Corey Ercanbrack (21:30)
Yeah, I agree. And I think a lot about our conversation about the anxiety of people today thinking AI's going to come take my job and my life's going to change. And I think that's real. I think there are people who are concerned about that. And I agree with Adam when he's like, no, AI's not going to take your job. It's going to be somebody who's using AI who might actually do that. And the thing that I've realized lately is that when we think about ai, more so than ever, if you really want to utilize ai, you have to stop and think about what's my process? What's the way I go about doing that? Because if you're going to tell a computer to do that or an intelligent machine to do that, you got to be able to describe that, right? And so I think that's forcing everybody to stop and look at what are all the things I do and how do I do them, and how might I be able to use ai? Speaker 1 (22:32): And I think that's putting everybody in a very unique position to really grow and to really expand. I'm excited about the future. I think we're going to see some incredible stuff happen. And it's because of these basic things like pausing. I mean, if you think of our product and our solution, like automate right now, when we go talk with customers about automate, one of the biggest hangs up is people don't understand the process that they have in place.

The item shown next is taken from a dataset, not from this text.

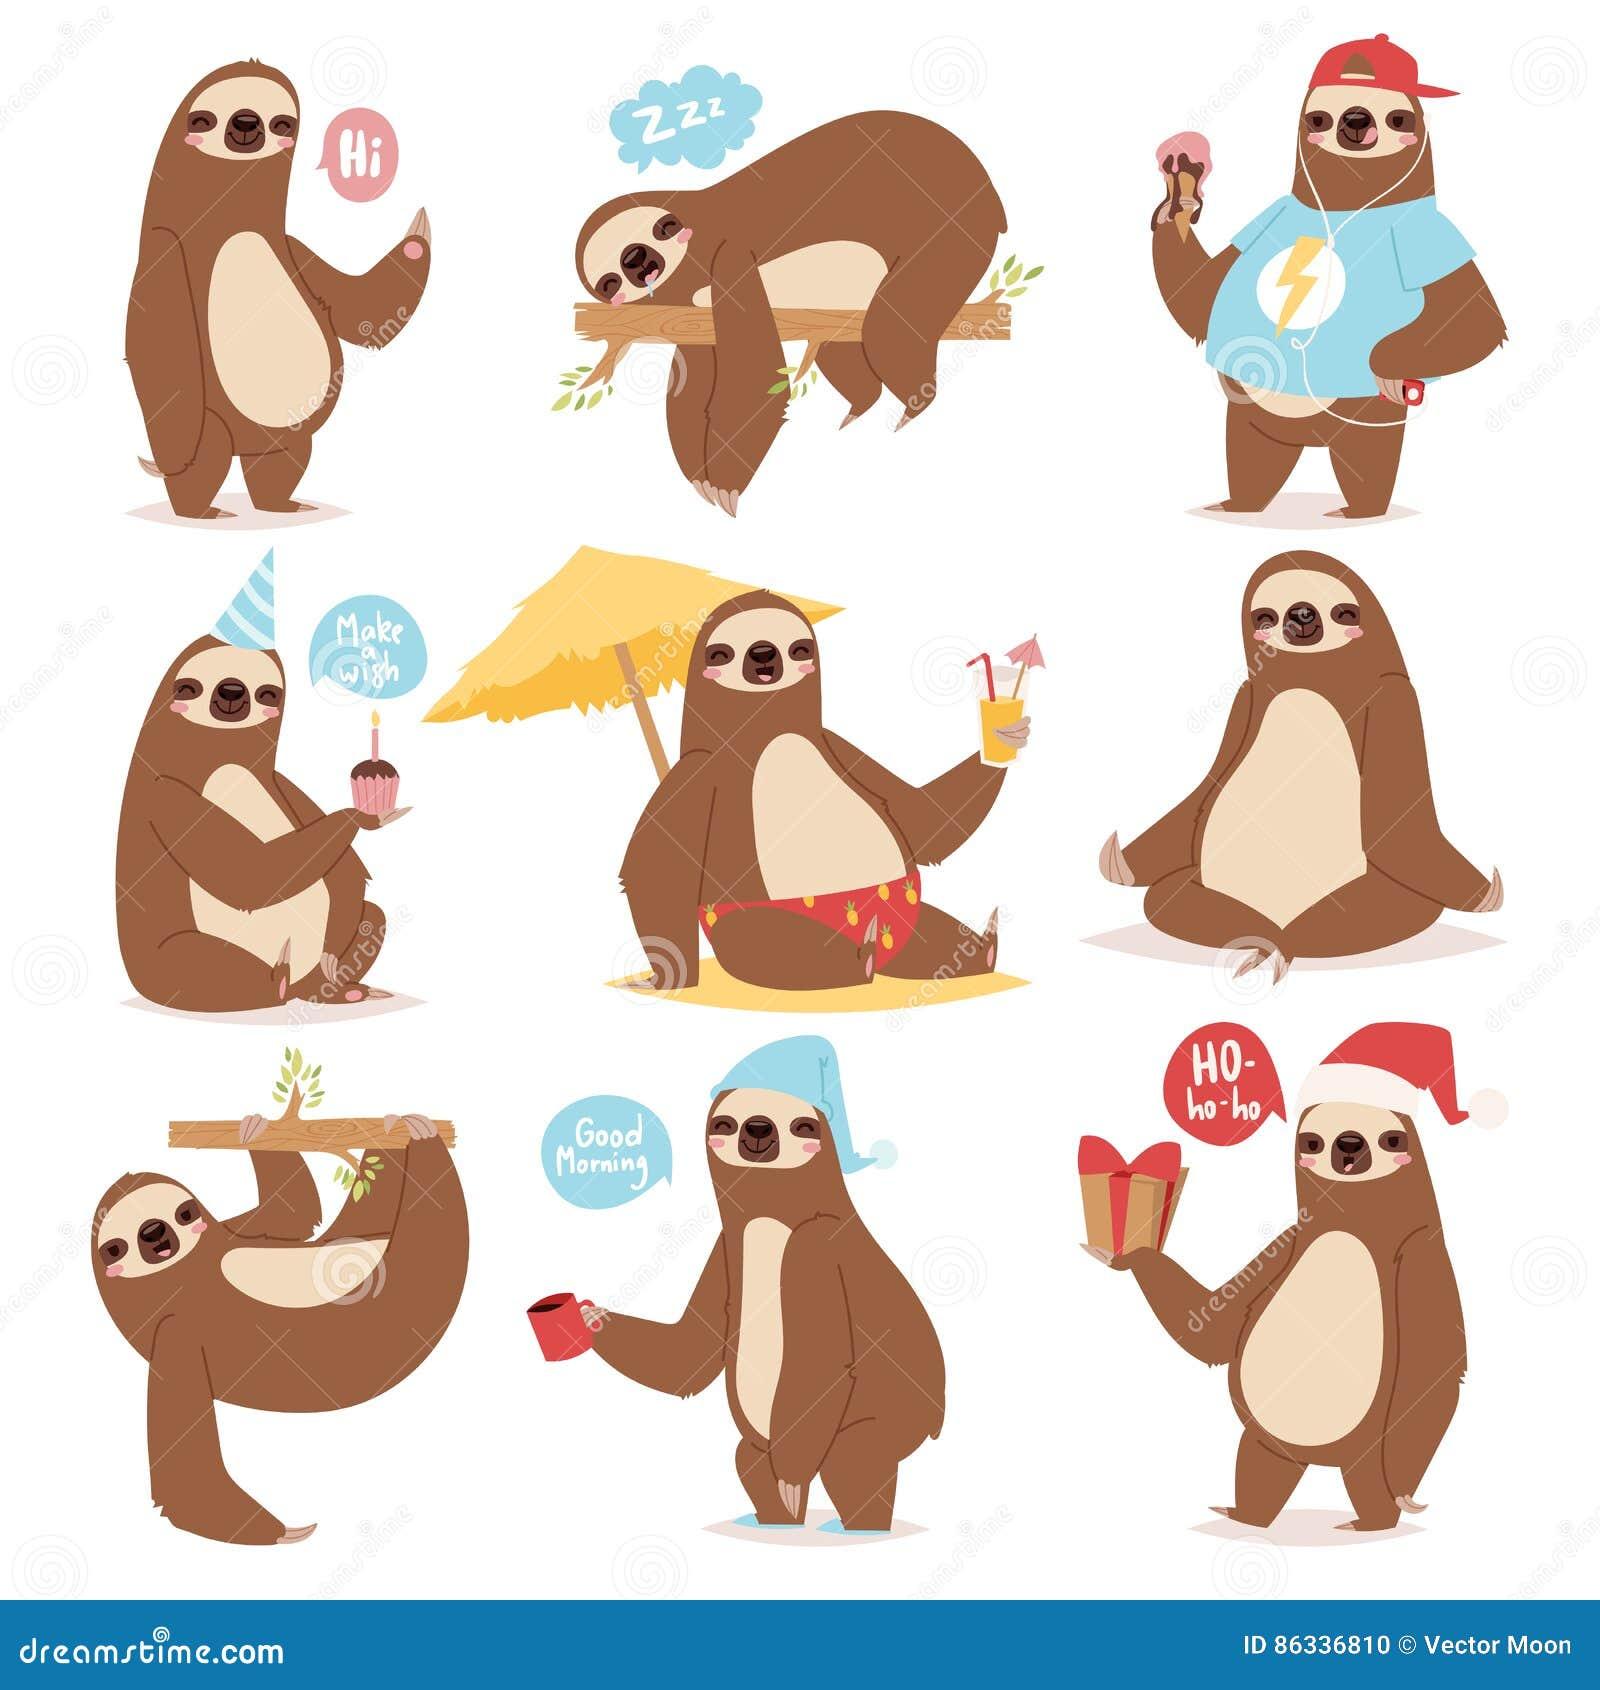 Laziness sloth animal character different pose like human cute lazy cartoon kawaii and slow down wild jungle mammal flat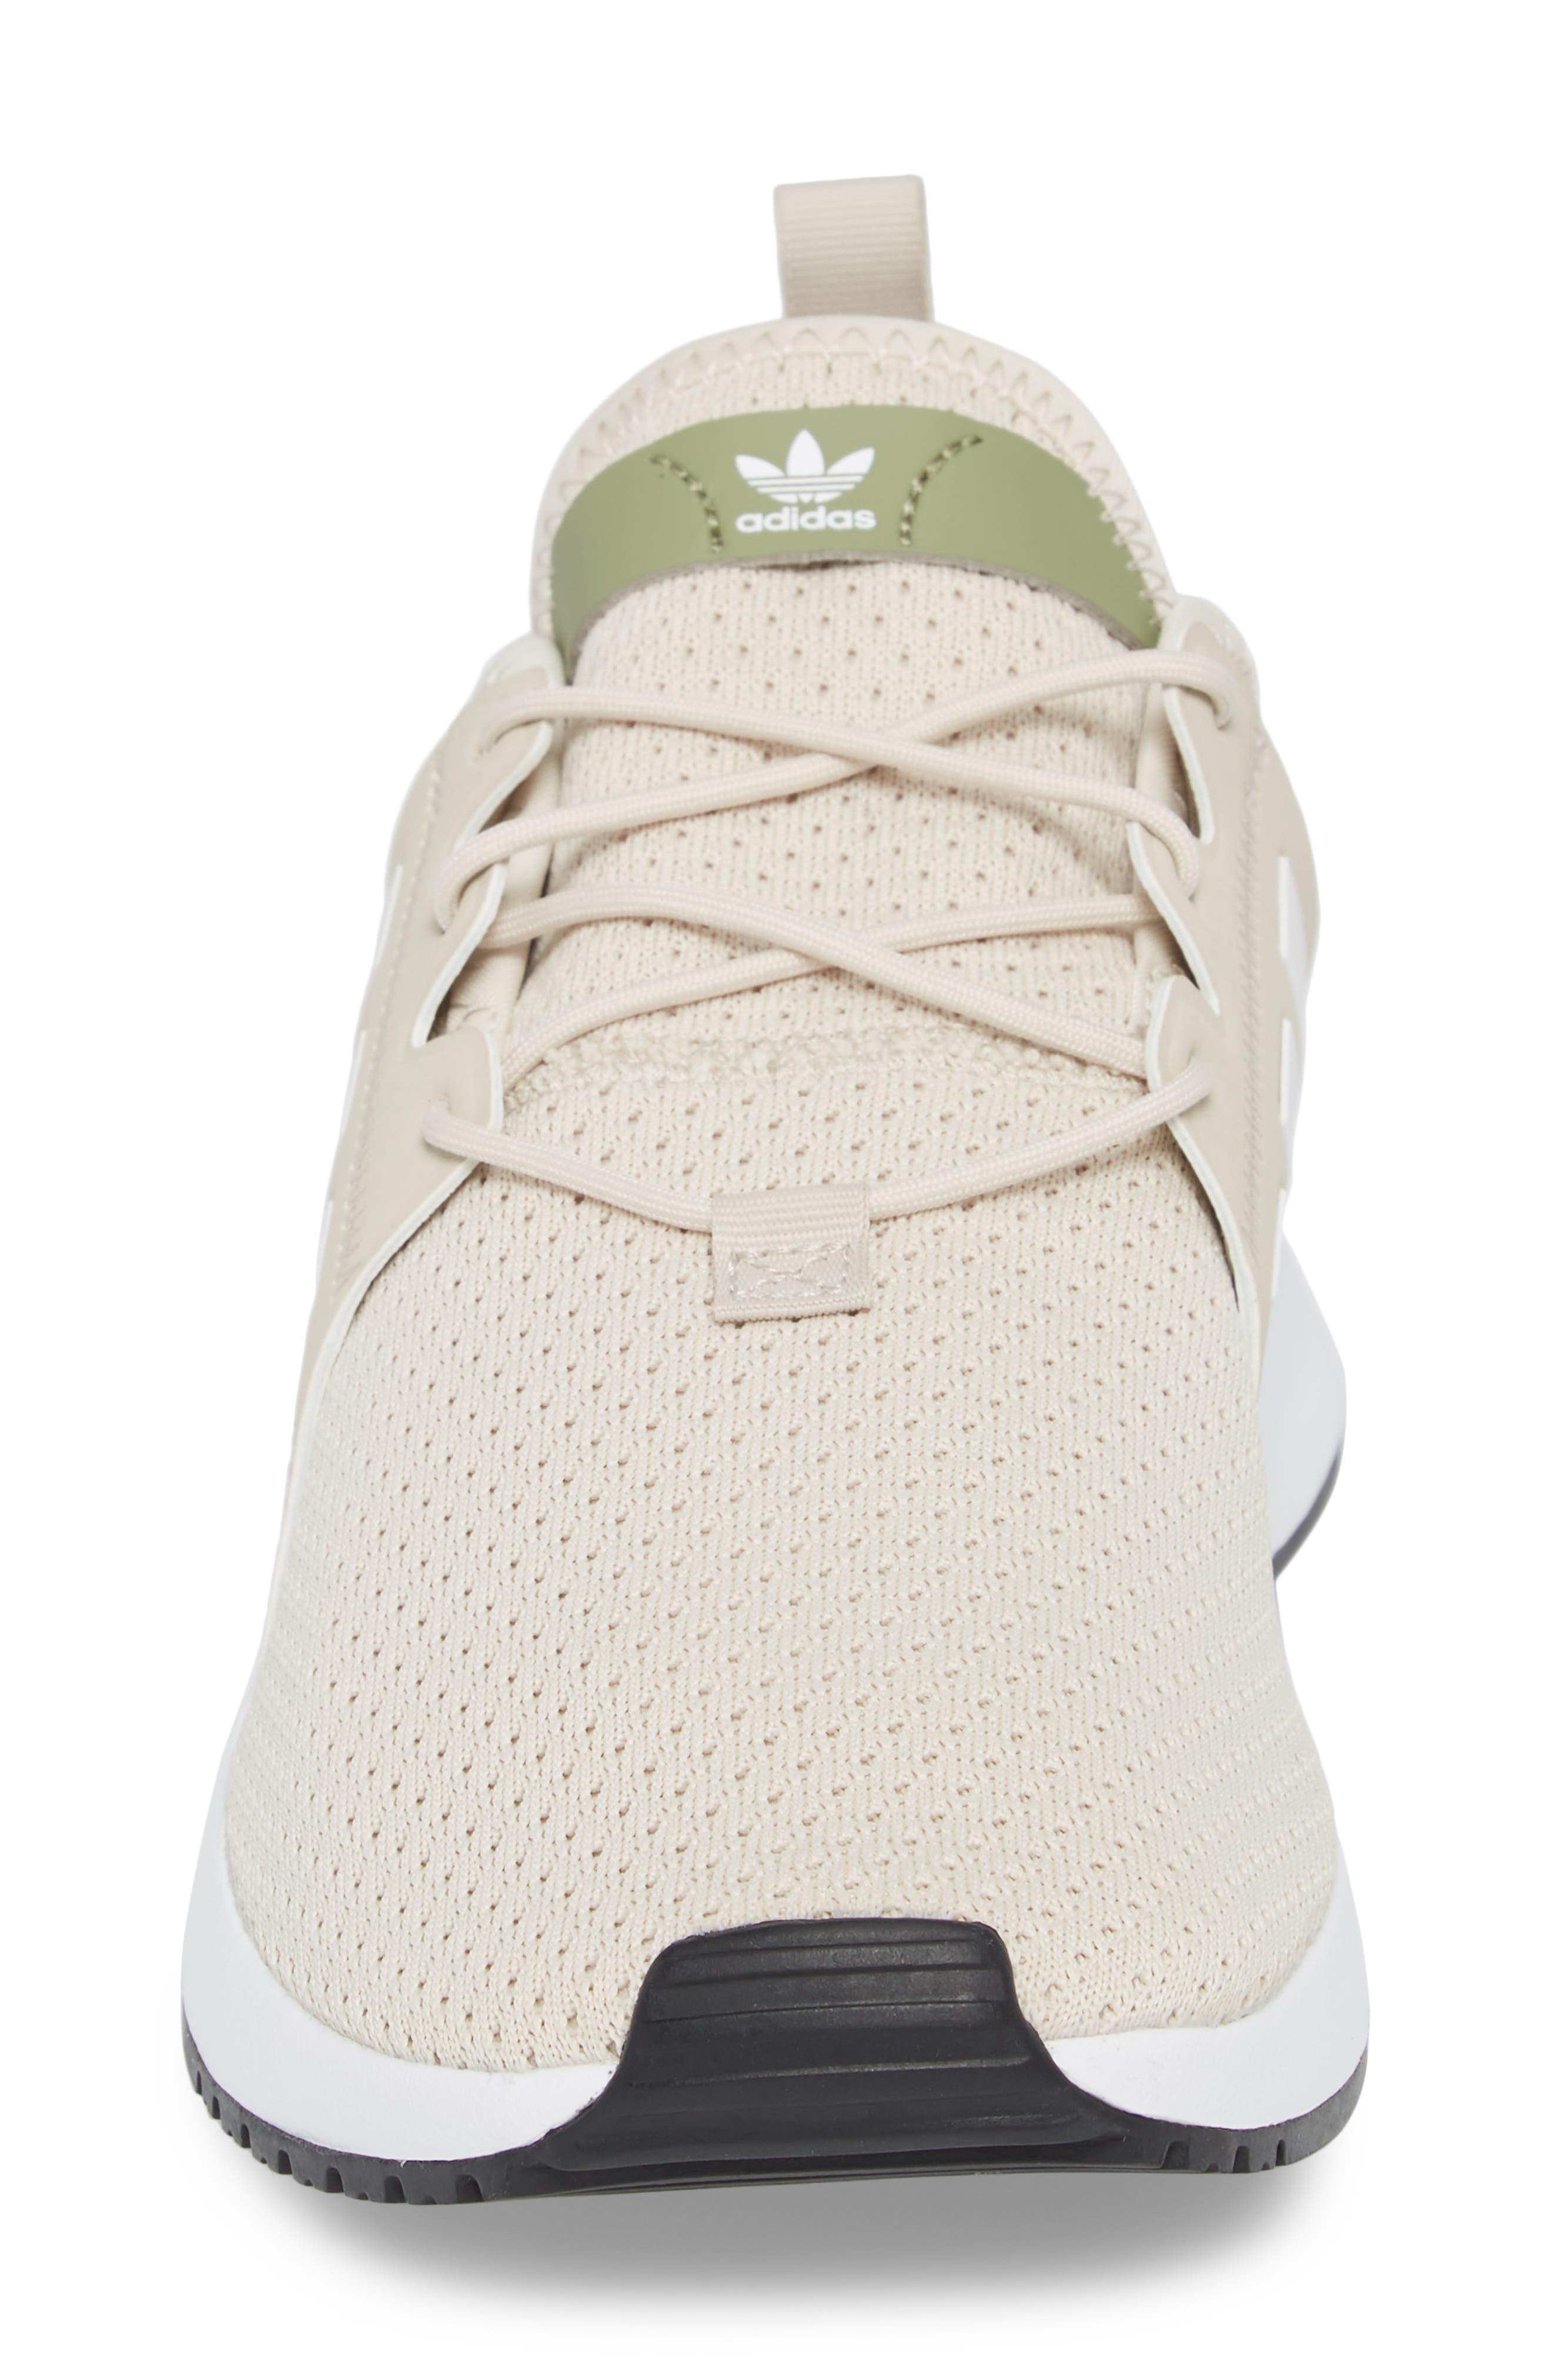 X_PLR Sneaker,                             Alternate thumbnail 4, color,                             Brown/ White / Trace Cargo

They haven't documented, they don't understand it. And then it takes forever to get it documented and understood. And that's just something I think that's going to continue to flush out, and it's going to be something that's going to be really exciting. So that's what gets me really excited about some of the movements I'm seeing with AI and yeah.
Jennifer Janke (23:13)
Yeah, just think how far we came in the last couple months. Yeah. Who knows even what, by the end of this year, what will happen.
Corey Ercanbrack (23:20)
Yeah, it's incredible. It's a good time to be here for sure. This is Jen and Corey jumping off the digital edge.